Corpos nas ruas e nas casas, urubus entre mortos: o Equador pode ser o Brasil amanhã. Por Murilo Matias

Atualizado em 2 de abril de 2020 às 13:43
Urubus na Puente del Velero, Guayaquil

POR MURILO MATIAS

Para os próximos dias são esperadas quase três mil mortes na cidade que já convive com cadáveres nas ruas, desabastecimento e o medo do caos absoluto

Quando a chegada do Covid-19 começava a preocupar a América Latina o Equador foi o onde o alerta acendeu com mais força ao registrar os maiores números de disseminação em meados de março entre os países da região. Um mês depois a crise detonou em Guayaquil situações de absoluto descontrole com a impressionante queima de corpos nas ruas da cidade e o colapso do sistema de saúde e funerário.

“Guayas é a Lombardia da América Latina. Hospitais colapsados, com dezenas de cadáveres no chão, pessoas com defuntos em suas casa por até cinco dias esperando que o governo retire o cadáver para proceder ao enterro. Alguns corpos foram deixados ou queimados nas ruas. De acordo com um porta voz do governo são esperadas entre 2.500 e 3000 em Guayaquil mortes devido ao coronavírus”, afirma o deputado Héctor Yepes comparando a situação com a localidade mais afetada da Itália, com picos próximos de mil mortes ao dia.

Os números reconhecidos pelo governo apontando 98 mortos em todo o território  não convencem quando confrontados com a realidade de hospitais superlotados, funerárias sobrecarregas e solicitações não atendidas – num intervalo de 24 horas a Polícia registrou chamadas para retirar-se 450 cadáveres de dentro de lares somente em Guayaquil, a cidade mais populosa do país.

“Até poucos dias havia um cerco midiático enorme, mas os meios começam a dizer a verdade e contestam as cifras oficiais. Já não há como esconder, todos temos conhecidos  ou familiares de amigos que faleceram. Vivemos em constante estado de angústia e medo. Se fecharam as fronteiras da cidade, já há desabastecimento de frutas e verduras, me dá terror cada vez que preciso ir ao mercado. Estamos abandonados”, conta a advogada Maria Cecilia Herrera.

O toque de recolher encolhido para às 14h a nível local deixa as ruas vazias de pessoas enquanto circulam fotos de urubus em áreas nas quais haveria o descarte de corpos.

“O local de uma dessas fotos que percorrem o país e o mundo fica a duas quadras de minha casa, se chama Puente del Velero. Circularam imagens de outros também, com essas aves sobrevoando hospitais devido ao cheiro ocasionado por tantas mortes”, complementa Maria.

A avaliação de que o governo reacionou tarde para conter o vírus extrapola a pressão das redes sociais com #SOS Guayaquil e ameaça a instabilidade social diante das também frágeis medidas tomadas no campo econômico.

O bônus de 60 dólares a 400 mil famílias cadastradas ao sistema de seguridade, a nível nacional, deixa de fora enorme contingente da população, incluindo a maioria dos informais, seis em cada dez trabalhadores do país, além dos desempregados.

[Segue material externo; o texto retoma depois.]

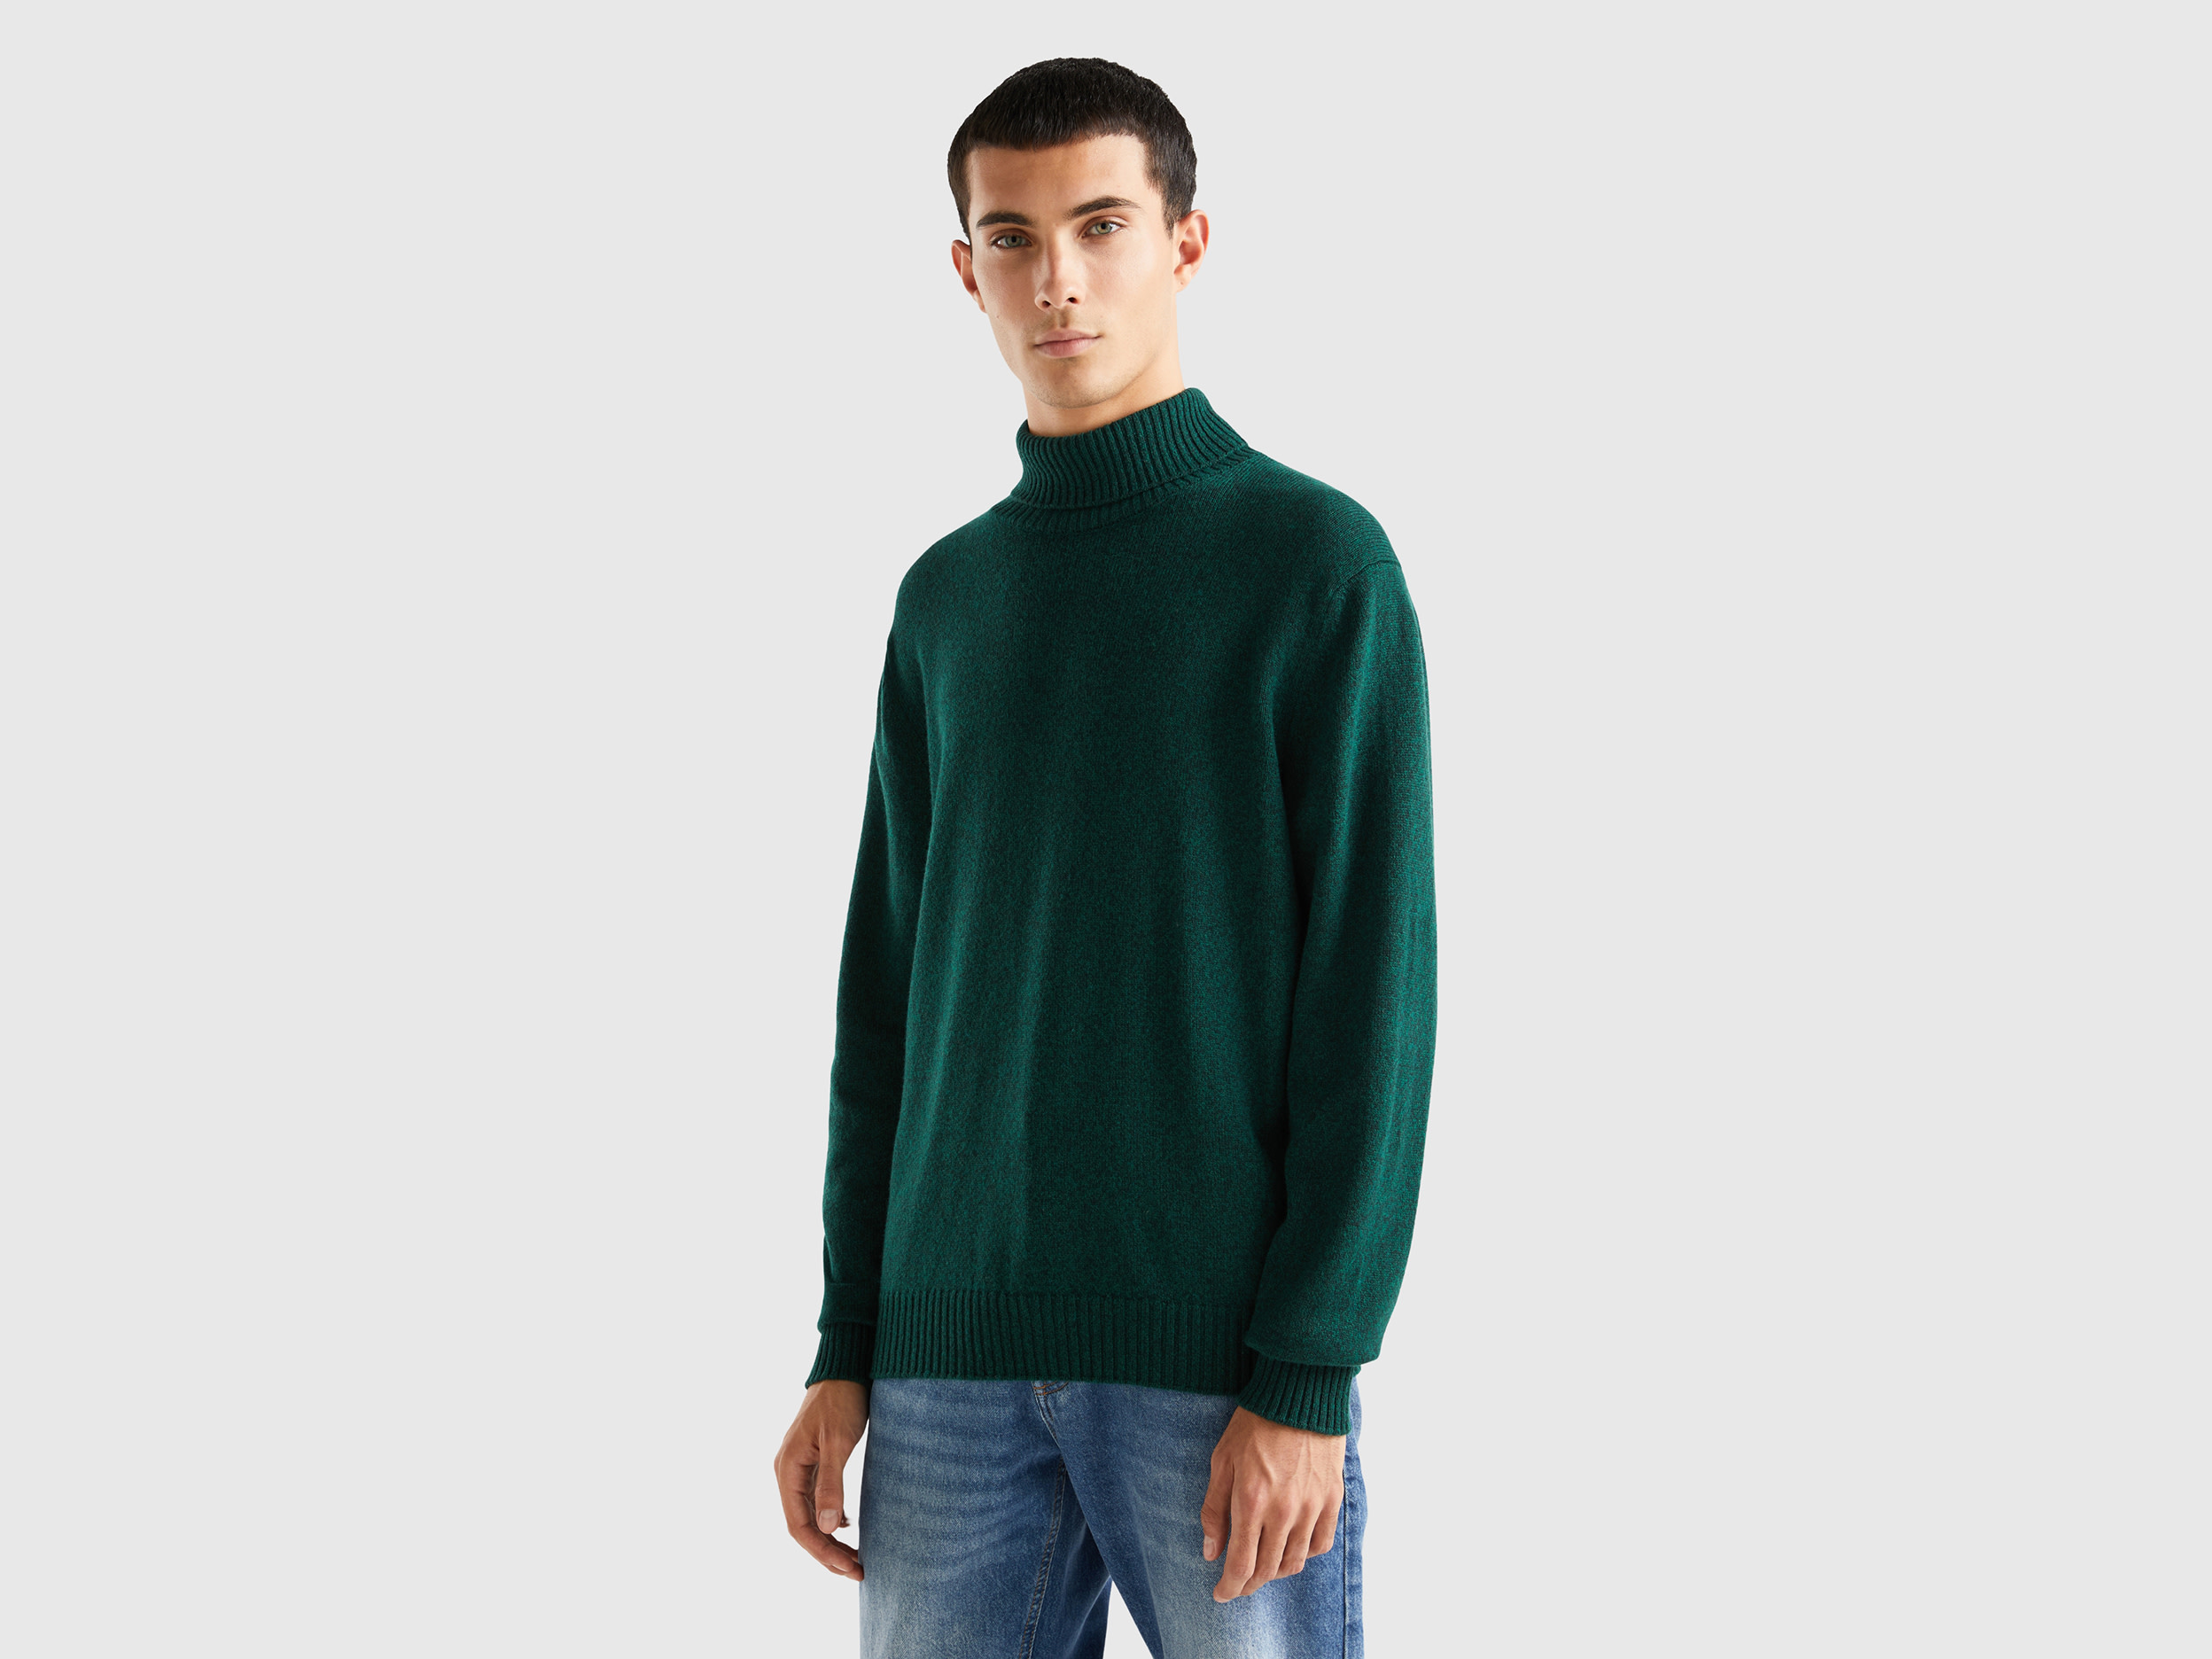 Benetton, Turtleneck Sweater In Cashmere And Wool Blend, size XXL, Dark Green, Men

Cobrado pelas políticas neoliberais adotadas ao largo de sua gestão, incluindo o arrocho e demissões no setor da saúde, Lenín Moreno usa as redes sociais para tentar mostrar as ações empreendidas. “Reforçamos a atenção pela Covid19 em Guayaquil. O Hospital Monte Sinaí será exclusivo para casos confirmados. Terá mais de 130 camas e 37 unidades de cuidados intensivos. O pessoal médico contará com todos os insumos para garantir sua bioseguridade enquanto salva vidas”, tuitou em 31 de março.

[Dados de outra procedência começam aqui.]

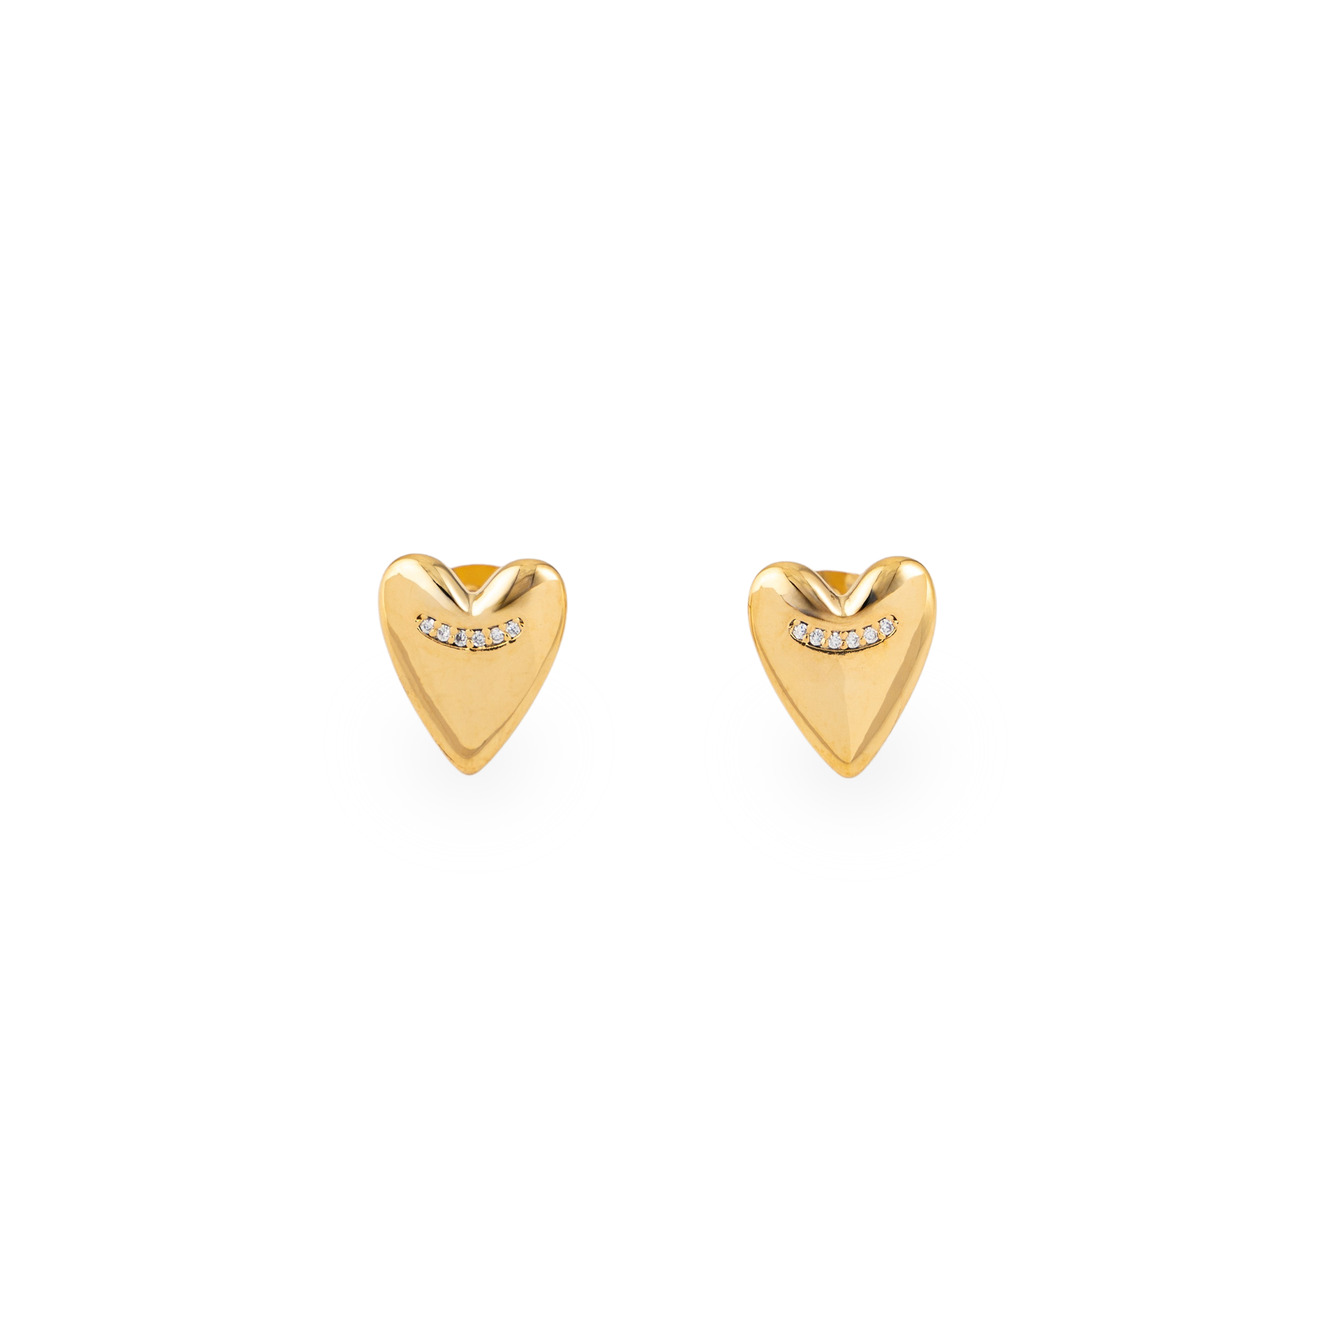 lisa smith золотистые двойные серьги сердца Free Form Jewelry Золотистые серьги-сердца с маленькими кристаллами

A insegurança em relação à atuação do aparato estatal entretanto aumenta à medida em que as mortes avançam ao passo que faltam testes, materiais de segurança, afora a iminência de uma crise alimentar nas periferias urbanas e em comunidades indígenas e do interior.

A renúncia da então ministra da saúde,Catalina Andramuño, em 21 de março, alegando falta de financiamento estatal como uma das razões fundamentais para sua saída foi sintomática ao expor a errática postura que aflige grande parcela dos equatorianos.

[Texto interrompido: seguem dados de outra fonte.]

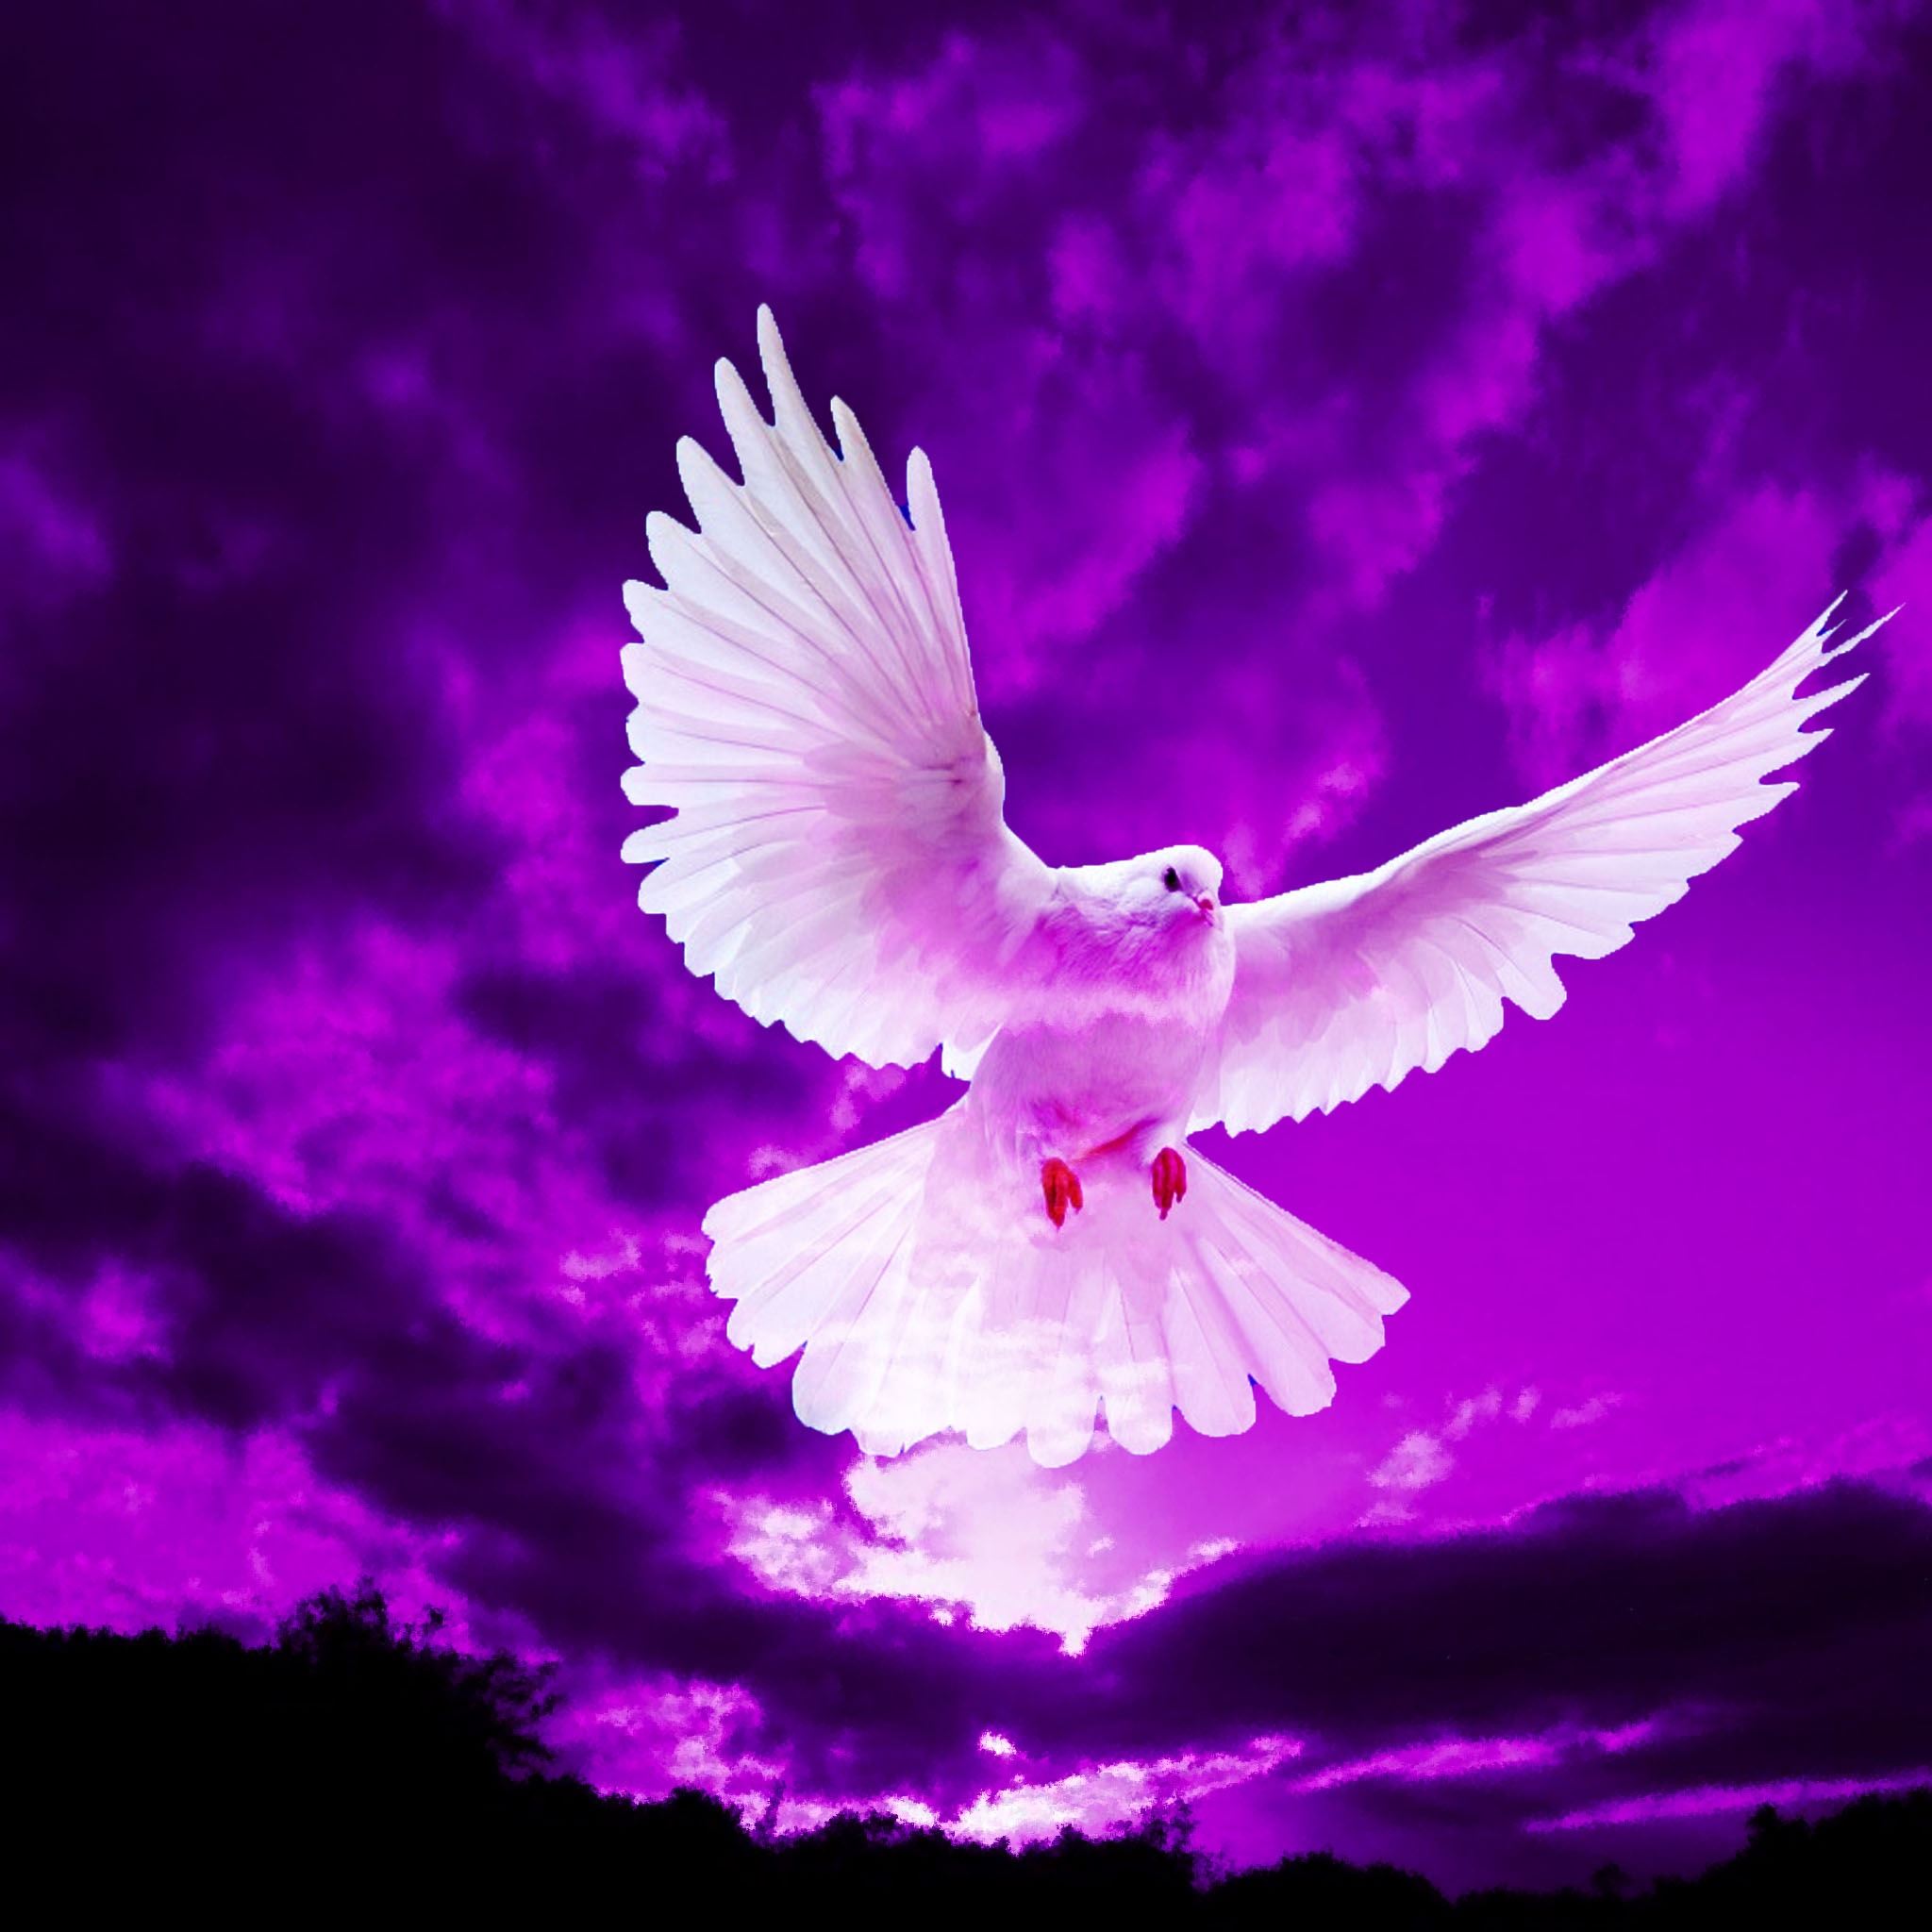 Pigeon Flying In Purple Sky iPad Air wallpaper

“O governo não diz a verdade aos 16 milhões de cidadãos. Queremos o direito à vida de nós mesmos, de nossos pais e avós e não enterros dignos como fala esse presidente”, indigna-se o o estudante Diego Farfán Alvárez, da capital Quito referindo-se ao plano governamental de construção de um “campo santo” para enterros coletivos das vítimas da pandemia.